Four days later, Soviet and other Warsaw Pact armies invaded.. Most of us had left Vienna by then, but John had stayed on, travelled to Bratislava, and was there when the tanks rolled into the city. In a courageous act of solidarity, he joined the thousands of citizens who thronged the streets in protest and defiance.

The following month WRI sent international teams to Moscow, Warsaw, Budapest and Sofia who displayed banners and distributed leaflets protesting against the invasion and expressing solidarity with the nonviolent resistance of Czech and Slovak citizens. The leaflets also drew parallels with the US invasion of Vietnam and called for the dismantling of both NATO and the Warsaw Pact. John at the Peace Pledge Union was involved in publicizing the event and personally delivered a PPU statement about the action to newspapers and other media outlets.

John was involved in peace activities for the rest of his working life. As youth secretary of the PPU, he was able to pass on his considerable knowledge of pacifist writing to other young activists, producing a bibliography on Pacifism published by Housmans in 1972, and founding the series of PPU publications Studies in Nonviolence.

In 1973, he returned from the Philadelphia Life Center / Movement for a New Society, to join Peace News. In 1974 he was one of the 14 members of the British Withdrawal from Northern Ireland campaign charged with “conspiracy to incite disaffection” for possessing the BWNIC leaflet explaining how British soldiers could refuse to serve in Northern Ireland - this charge carried a possible life sentence. Fortunately, after an 11-week trial, the jury did not follow the judge's advice but accepted the defendants' argument that their actions were justified and returned a verdict of Not Guilty. In addition, John – along with three others – was charged with “aiding and abetting” two AWOL British soldiers go to Sweden to which he pleaded “guilty” and was fined.

John left Peace News after the BWNIC trial and worked at Housman’s bookshop. During this period he served on the Executive Committee of WRI and, in 1980, when the office returned to London from Brussels, WRI chair Myrtle Solomon convinced him to become WRI secretary. He served in that role until nearly the end of 1984. Later, after Myrtle's death in 1987, he took over the administration of the Lansbury House Trust fund, set up to support the educational side of WRI’s work.

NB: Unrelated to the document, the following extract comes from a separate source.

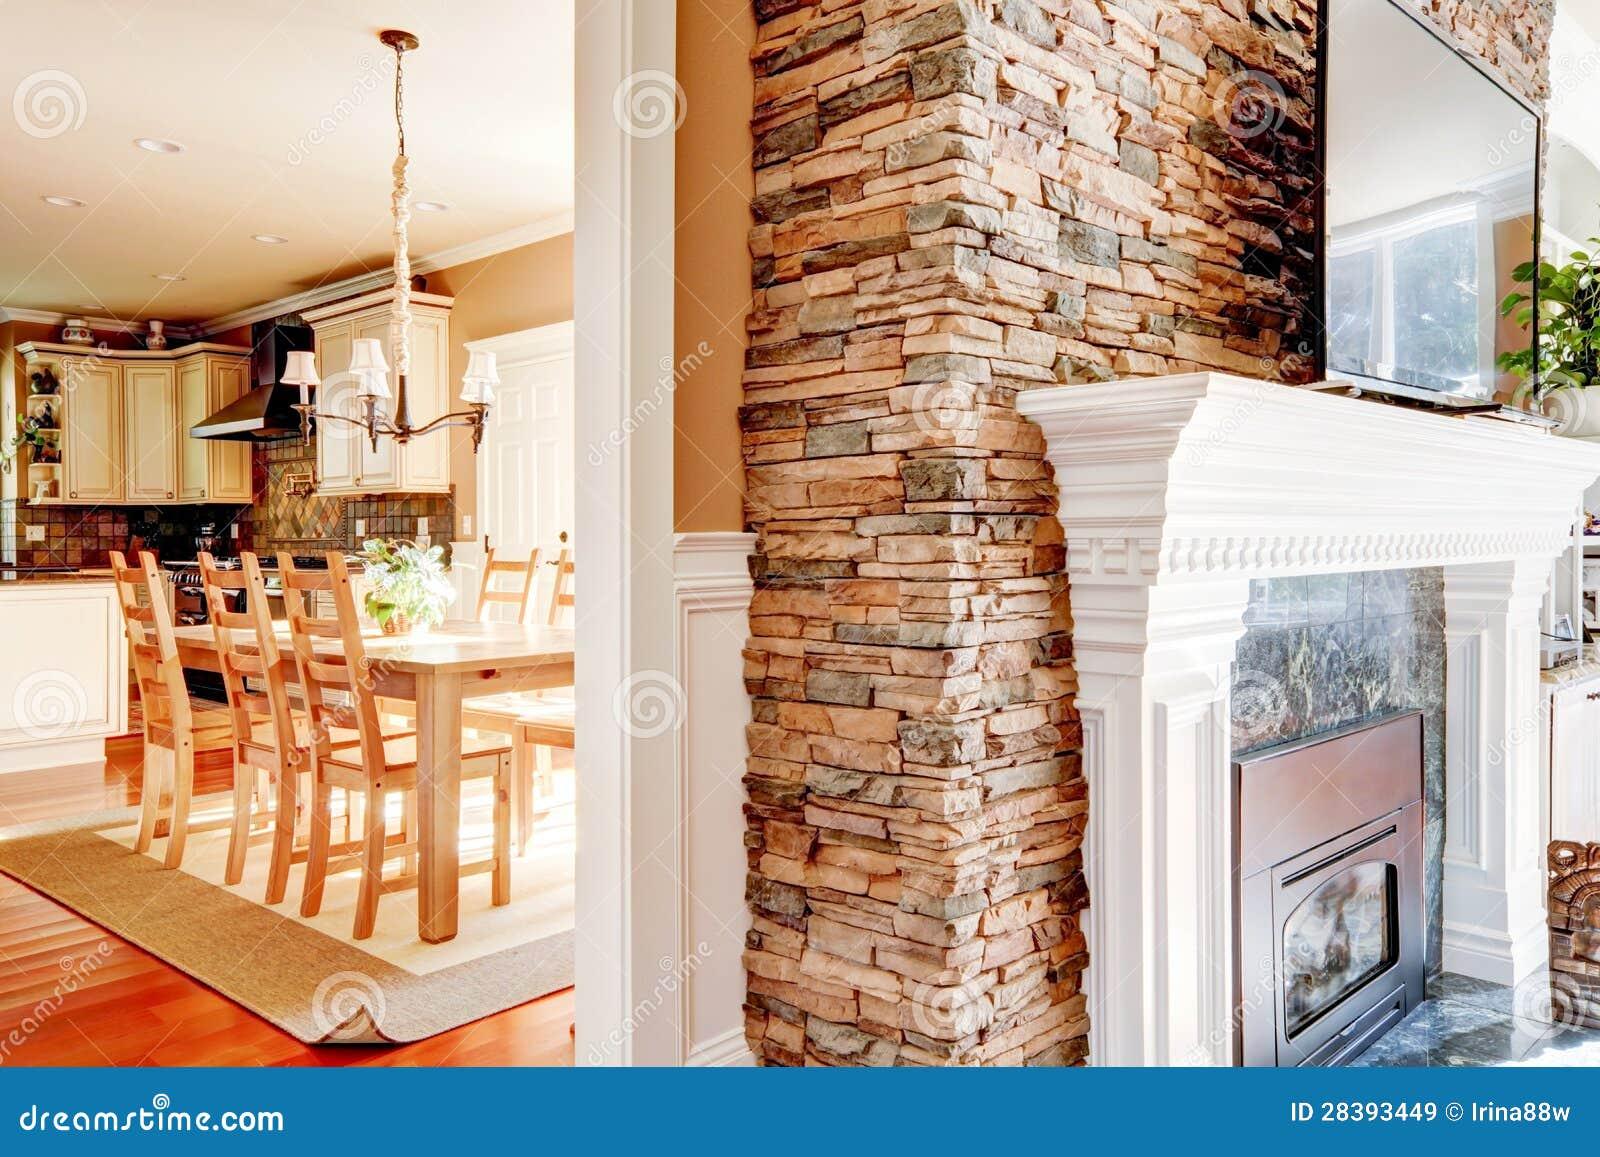 Camino Di Pietra Con La Tv E Sala Da Pranzo E Cucina Immagine Stock Immagine 28393449

While John’s convictions were very much in the tradition of anarcho-pacifism, he was never narrowly sectarian. I remember at a WRI study conference in the late 1970s in Prades in the south of France that he became impatient with what he saw the rigid ideological stance of some anarchist participants and said he preferred to define himself instead as a ‘guerrilla anarchist’. I took him to mean by this that, while holding on to basic anarchist principles, he wanted to be open and flexible on how they were interpreted in practice.

But politics aside, I remember John as a personal friend and the number of occasions when he and his partner, Liz Chapple made me welcome in their home in London when I was on my way to WRI meetings and we enjoyed together the real ales which he took pride in stocking. His death will be a particularly heavy blow to Liz and their son Matthew, and our sympathy must be with them at this time.